### YOUR OBJECTIVE
Restate the data below word for word, and let no image into your version.

### PROVIDED DATA

━━━━━━━━

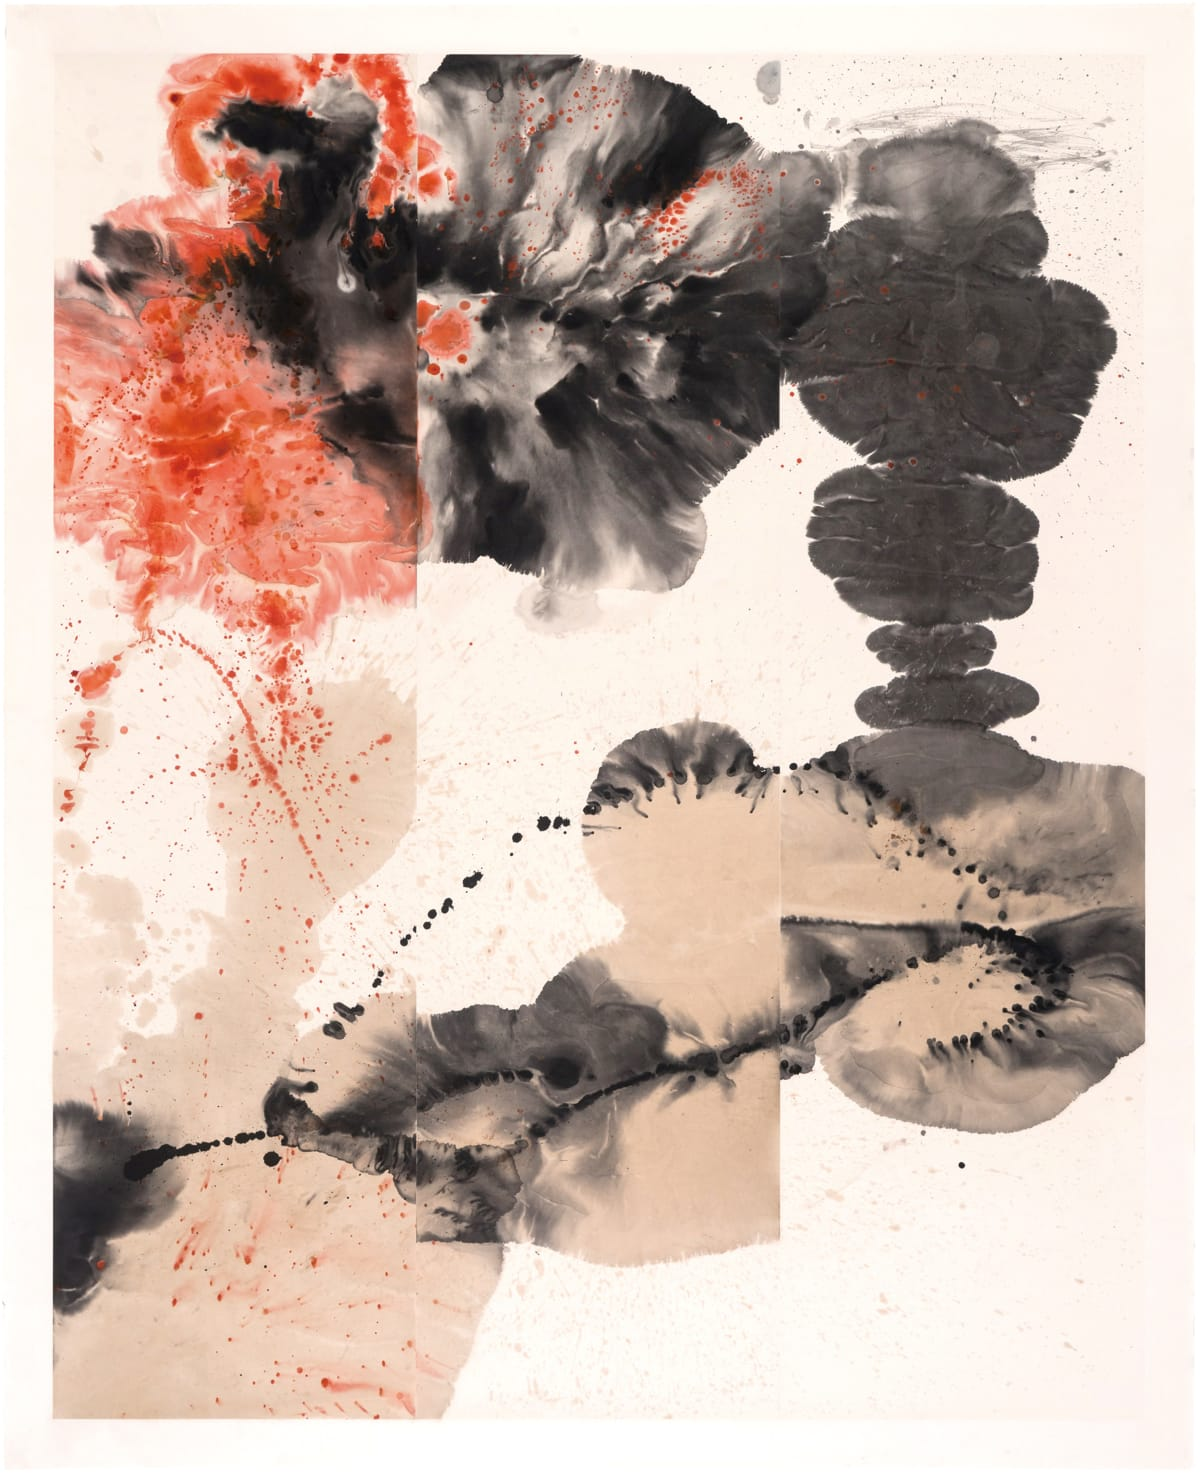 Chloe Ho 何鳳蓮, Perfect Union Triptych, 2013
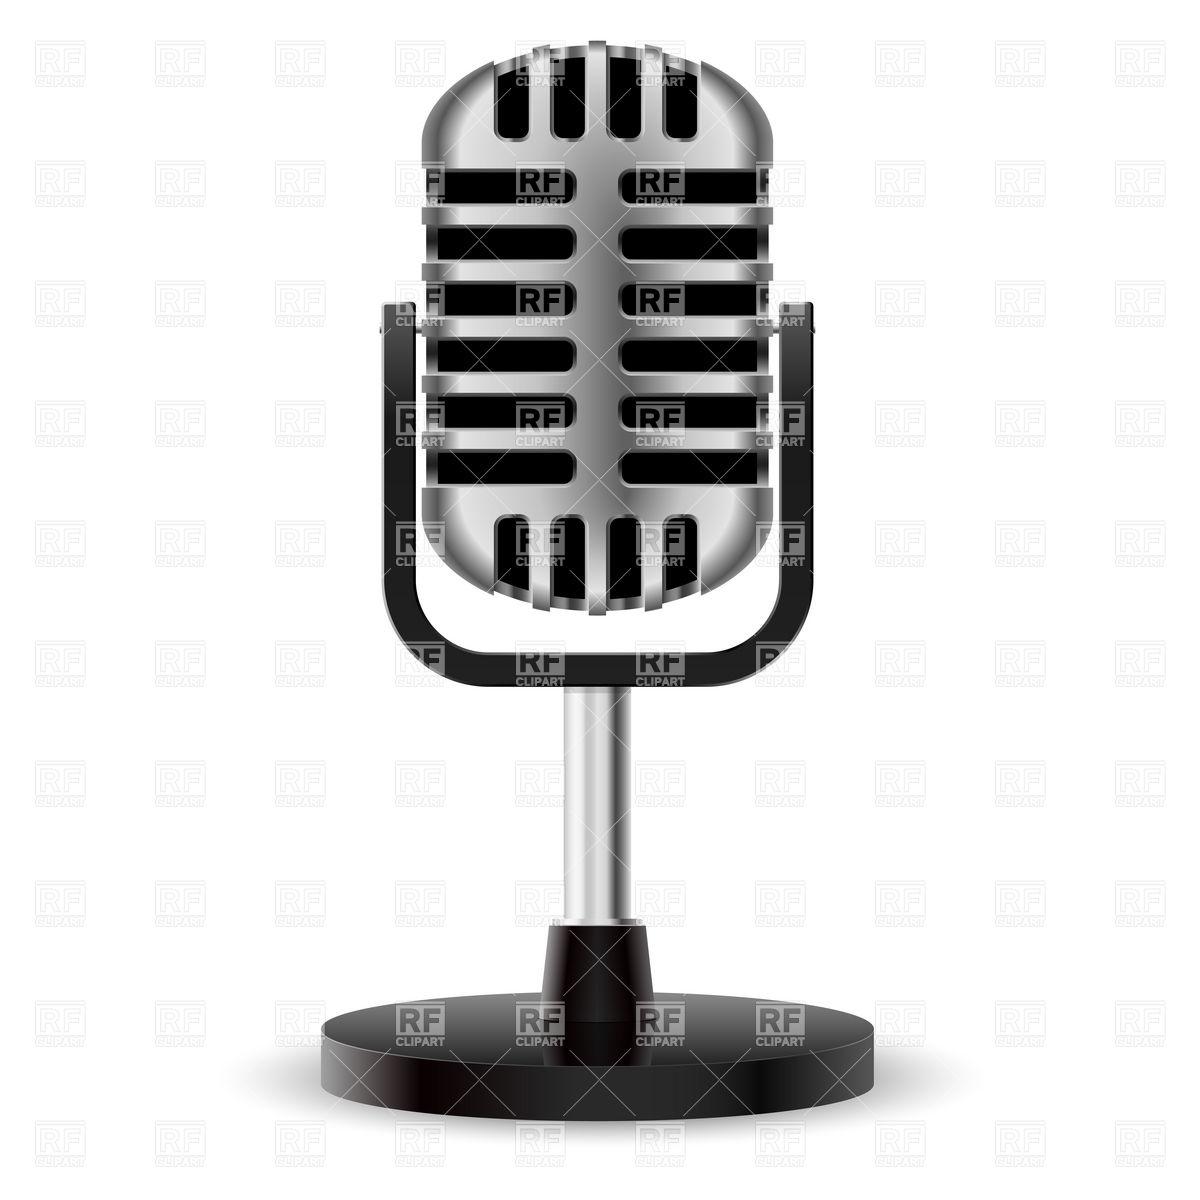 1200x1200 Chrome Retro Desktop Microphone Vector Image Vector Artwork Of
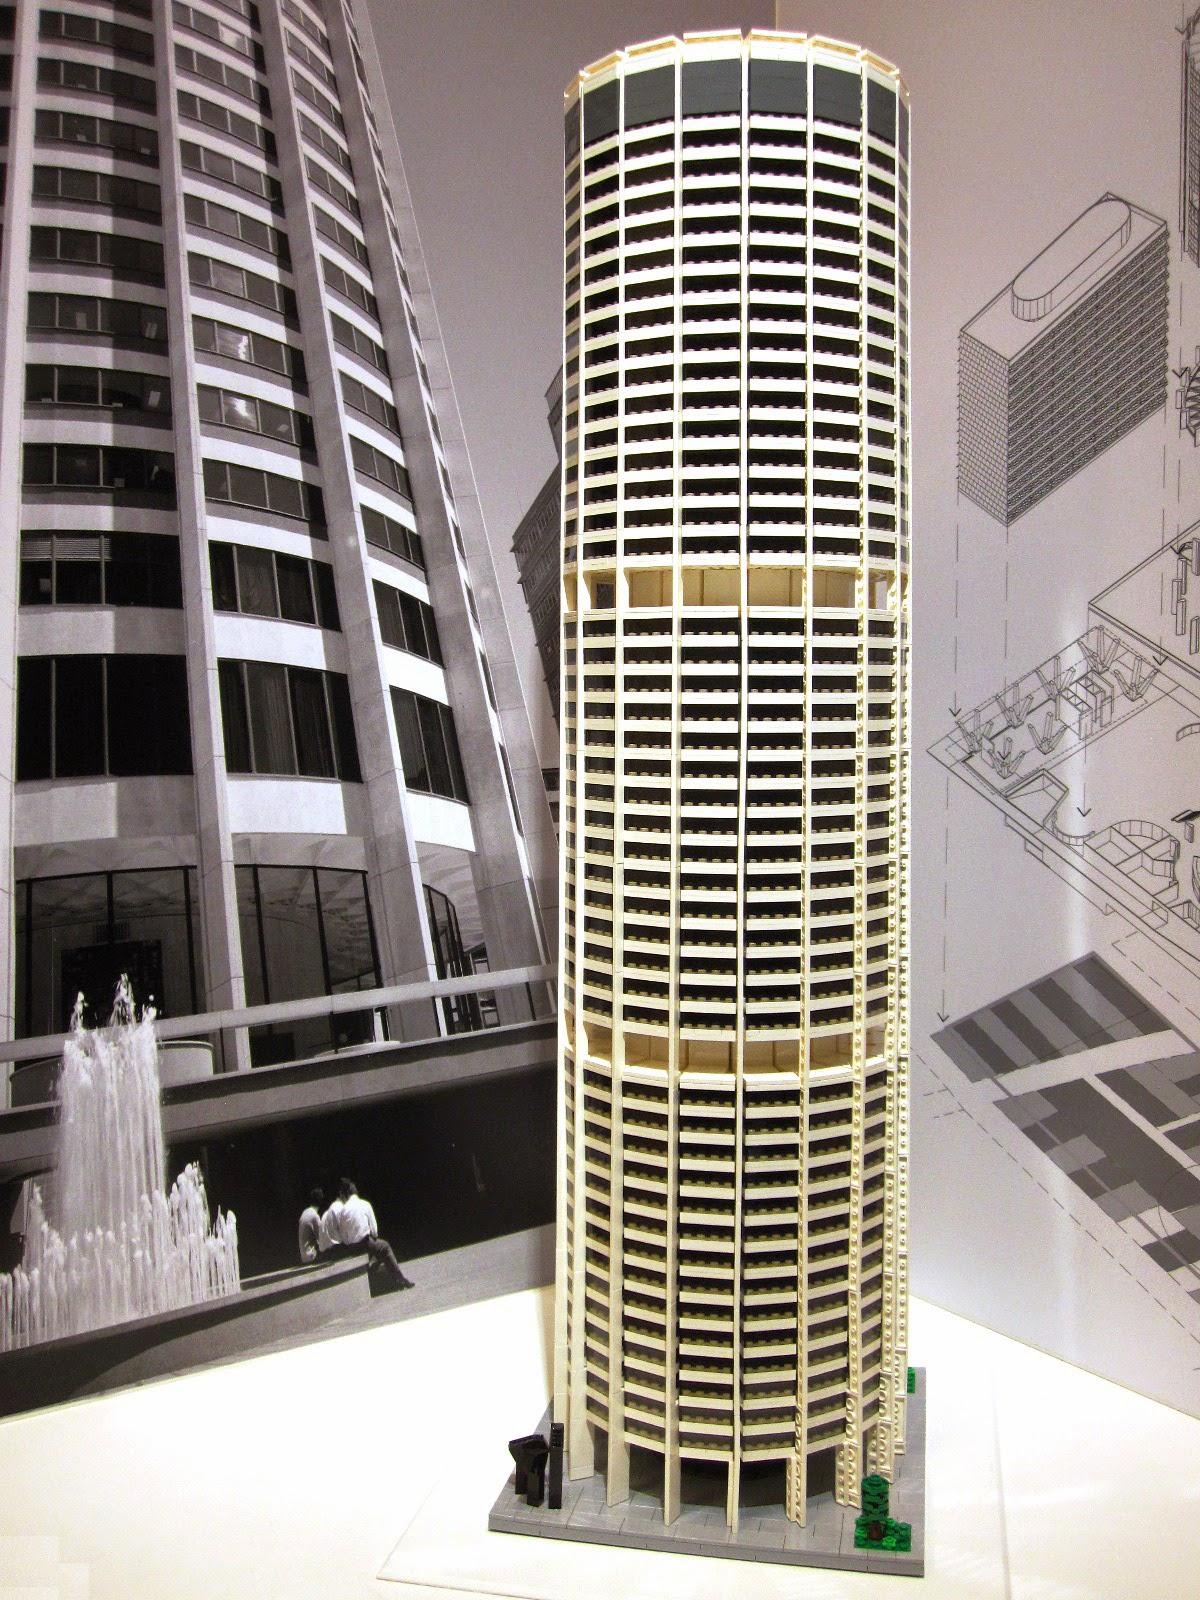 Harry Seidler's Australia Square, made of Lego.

━━━━━━━━

### RESPONSE BELOW
 Chloe Ho 何鳳蓮, Perfect Union Triptych, 2013
 1200x1200 Chrome Retro Desktop Microphone Vector Image Vector Artwork Of
 Harry Seidler's Australia Square, made of Lego.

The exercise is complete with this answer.